Wie geht es nach der Konformitätserklärung weiter?
Dank der Aussetzung von Bußgeldern bis Anfang Januar 2027 und der Vorbereitung der Kontrollbehörden, kann man von einem fliegenden Start sprechen und entsprechende Maßnahmen noch in die Wege leiten und sich auf die langfristigen Maßnahmen einstellen, die die PPWR erforderlich macht.
Welche Auswirkungen die PPWR auf die Getränkebranche hat und worauf sich die Getränkeproduzenten in den kommenden Jahren vorbereiten müssen, ordnen die Packaging-Experten von pacoon in einer Keynote auf der BrauBeviale in Nürnberg am 12. November 2026 um 11.30 Uhr auf der Main Stage ein.
„Der erste Schock der Konformitätserklärung ist bis zur BrauBeviale vermutlich schon verdaut. Jetzt gilt es, sich in den kommenden Jahren auf die Anforderungen vorzubereiten, um nicht wieder eine Last-Minute-Aktivität zu entfachen“, so Peter Désilets, Geschäftsführer, pacoon GmbH. Deshalb muss die Frage für Getränkehersteller lauten: Was kann ich jetzt tun, um gut auf die Anforderungen ab 2030 vorbereitet zu sein?
Design for Recycling ab 2030
Die PPWR verfolgt einen klaren Systemwechsel: Verpackungen sollen so gestaltet werden, dass ihre Materialien möglichst hochwertig im Kreislauf geführt werden können. Für 2030 ist vorgesehen, dass Verpackungen die europäischen „Design for Recycling“-Kriterien erfüllen und mindestens eine der Recyclingfähigkeitsklassen A, B oder C erreichen. Ab 2038 steigt die Schwelle auf A oder B. Die konkreten Kriterien und Bewertungsmethoden werden noch durch delegierte Rechtsakte festgelegt.

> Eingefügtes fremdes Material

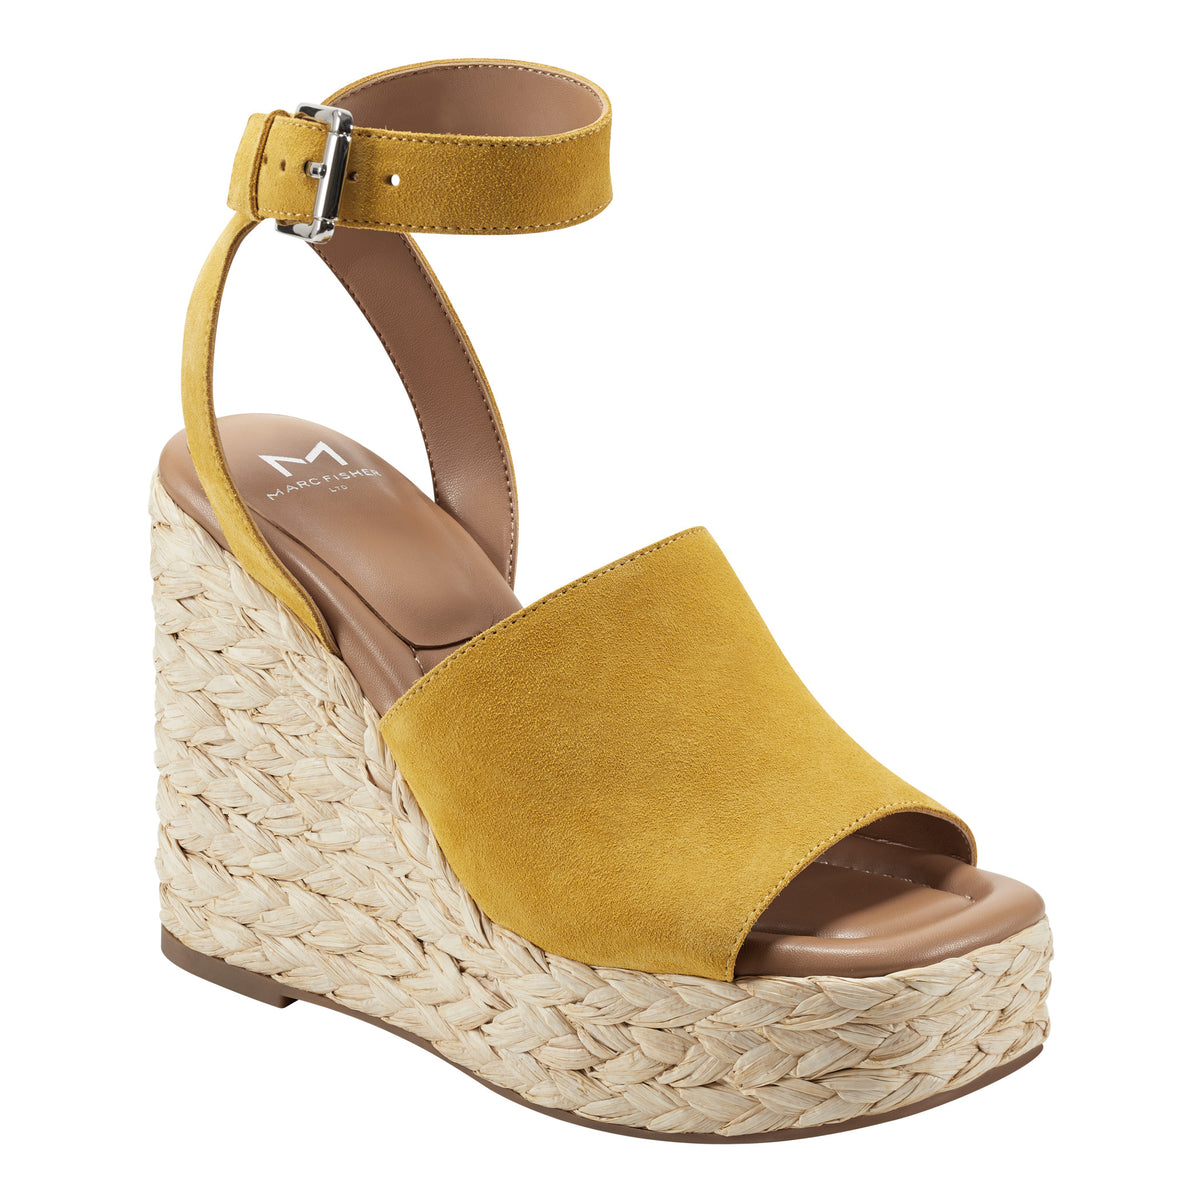 Nelly Espadrille Wedge Sandal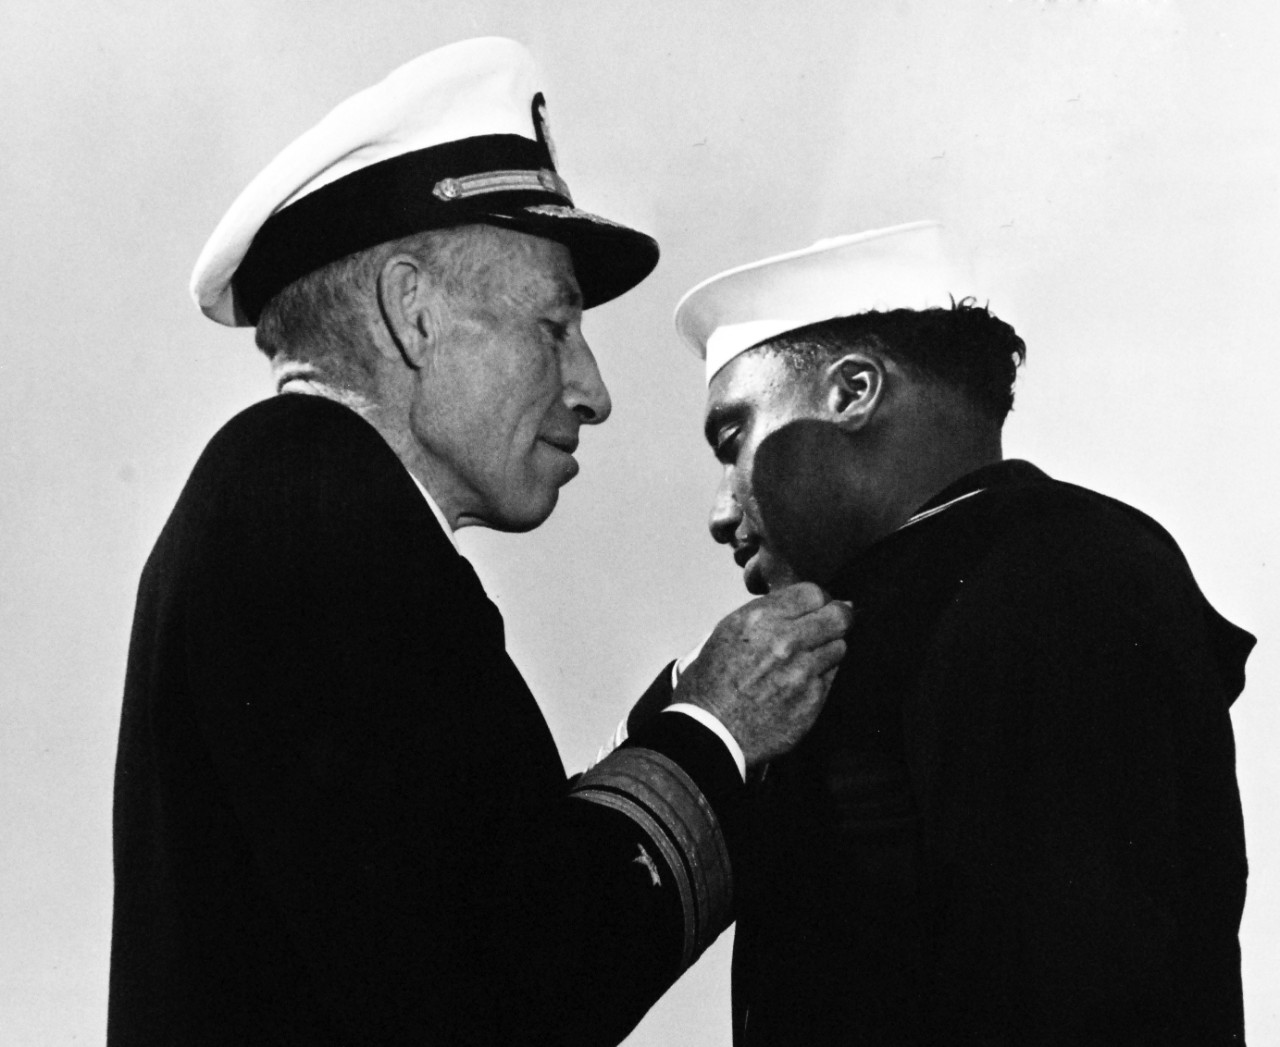 80-G-47283: Seaman First Class Richard L. McTere, USNR, 1944.   Rear Admiral Carleton H. Wright presenting the Navy and Marine Corps Medal to Seaman First Class Richard L. McTere, USNR.  Received the medal for risking his life to bring flames under control during the Port Chicago Magazine, California, explosion and fire.   Photograph filed December 9, 1944. Official U.S. Navy photograph, now in the collections of the National Archives.

Für Getränkehersteller besonders relevant: Bei Einweg-Kunststoffgetränkeflaschen sieht die Verordnung einen Mindestanteil an Post-Consumer-Rezyklat von 30 Prozent für 2030 und 65 Prozent für 2040 vor. Parallel verlangt die PPWR ab 2030, Gewicht und Volumen einer Verpackung auf das für ihre Funktion notwendige Minimum zu reduzieren. Damit geraten nicht nur Materialart und Recyclingweg, sondern auch Flaschengewicht, Wandstärken, Verschlüsse, Dekorationen und weitere Komponenten stärker in den Fokus.
Belastbare Stammdaten zu jeder Verpackung
„Wer glaubt, die PPWR ist ein reines Verpackungs- und Materialthema, der hat die Tragweite der Nachweise und des Datenmanagements noch nicht verstanden“, betont Verpackungsexperte Désilets.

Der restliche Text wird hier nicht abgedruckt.